Article leaves out health effects of early menopause.

Posted by Steven Neese at Apr 06, 2011 07:00 AM |

A recent article published in The Telegraph reported on a study that described a relationship between perfluorocarbon (PFC) exposure and menopause. The study found that women of both perimenopausal (42 to 51 years old) and menopausal (51 to 65 years old) age were more likely to have experienced menopause if they had higher blood levels of PFC’s.

The article highlighted the mechanisms by which PFCs may produce a toxic effect, but failed to discuss the potential ramifications that early menopause would have on women’s long-term health. Several health risks associated with menopause are heightened in women who reach menopause prematurely.

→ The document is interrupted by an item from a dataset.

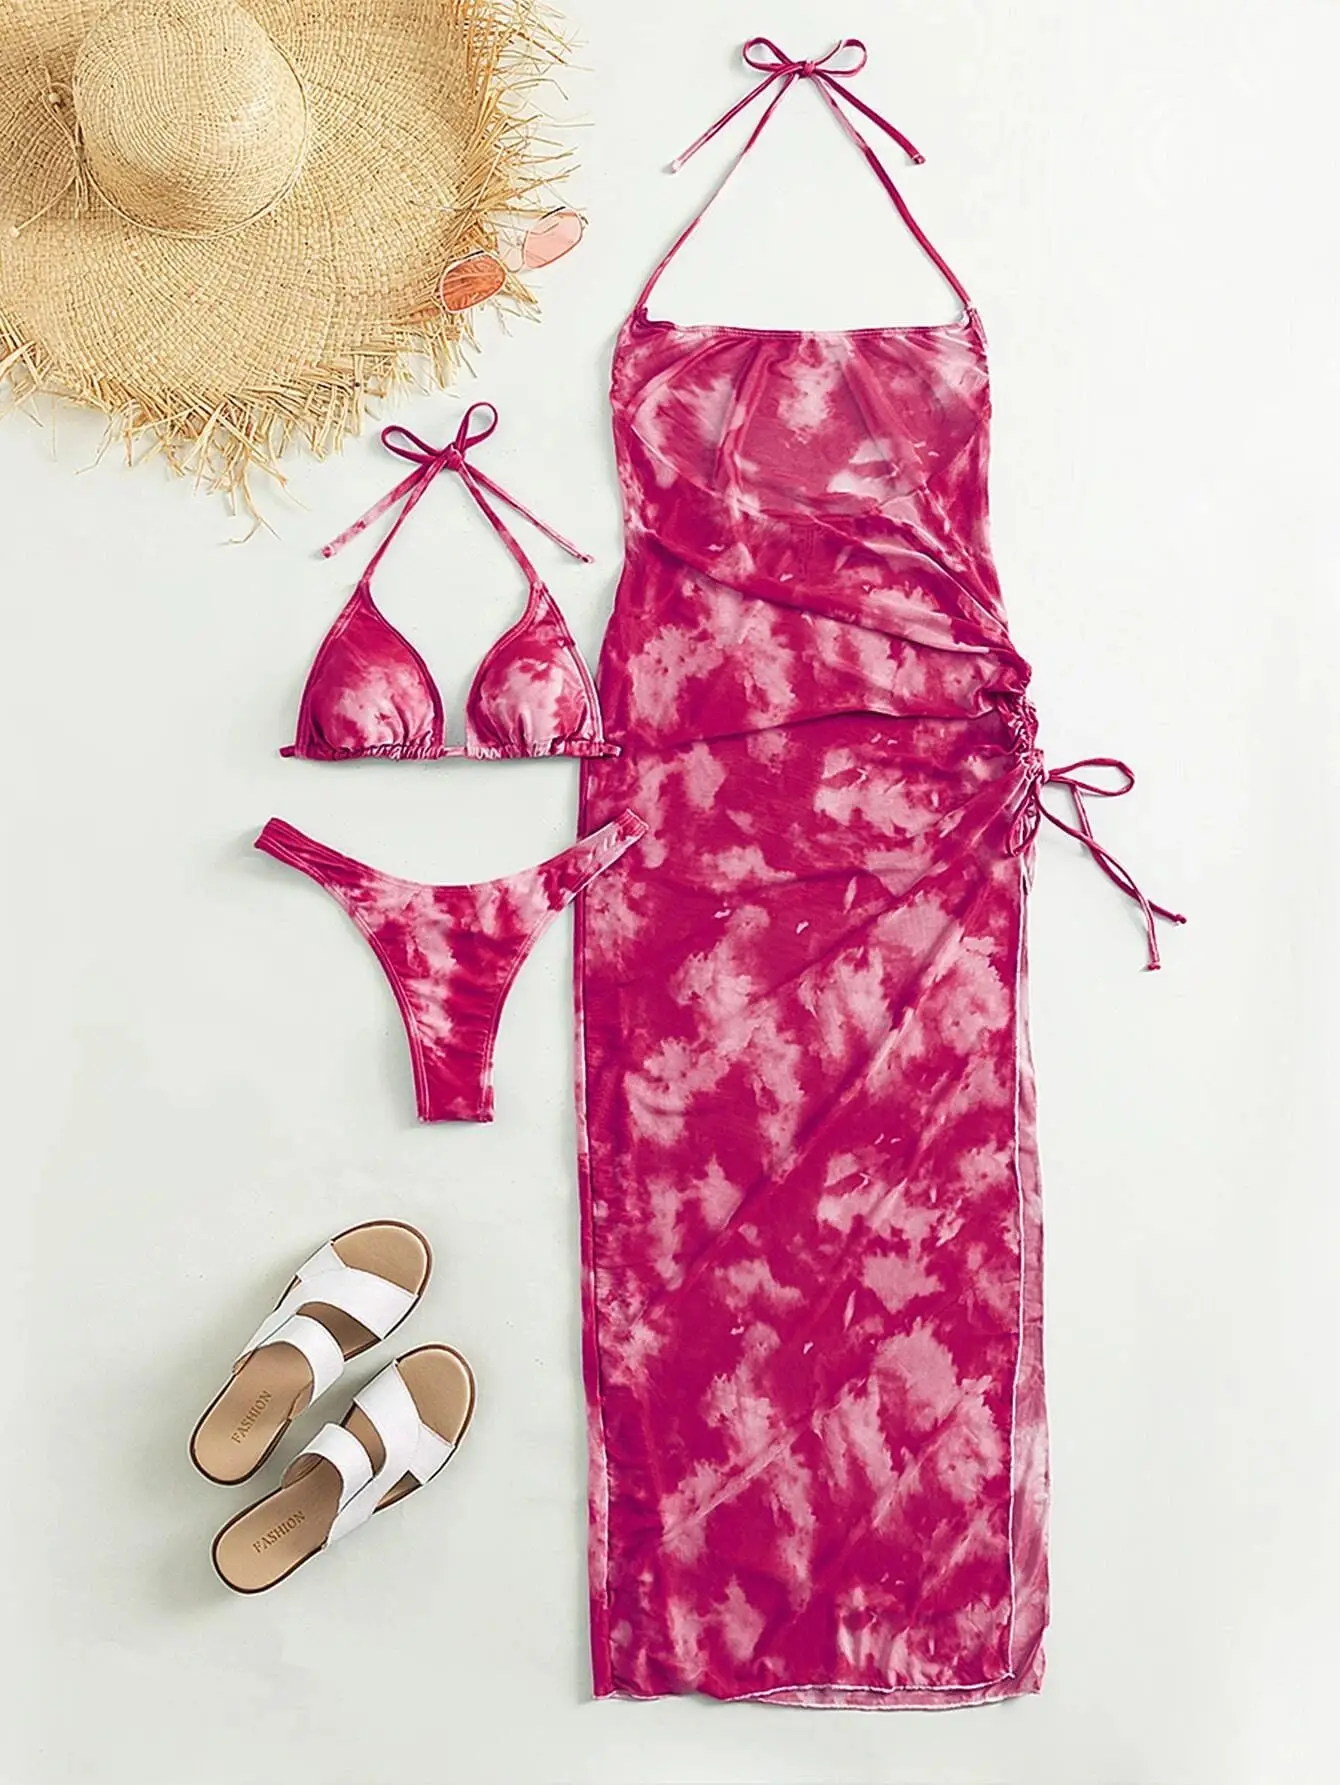 3 Pack Tie Dye Triangle Bikini Set Swimsuit Women Cover Up Swimwear Summer Beach Bathing Suit Bikinis bikini set for beach

One such risk is a greater incidence of cardiovascular disease. The risk of cardivascular disease and death is higher in women who reach menopause before the age of 50.

Another important health effect is an increased risk of developing osteoporosis. Early menopause is associated with a lower bone mass later in life. Some researchers have also found women who experience menopause before age 45 are at a greater risk for more serious bone fractures, including hip and back, before age 70.

PFCs, which are used in the manufacture of Teflon and stain-repellent coatings as well as food wraps and other consumer products, are a pervasive contaminant in human bodies.

In women older than 42, the probability of having experienced menopause is higher if blood levels of PFCs were also high. In light of this study, specific coverage of the health risks associated with reaching menopause at an earlier age seems prudent.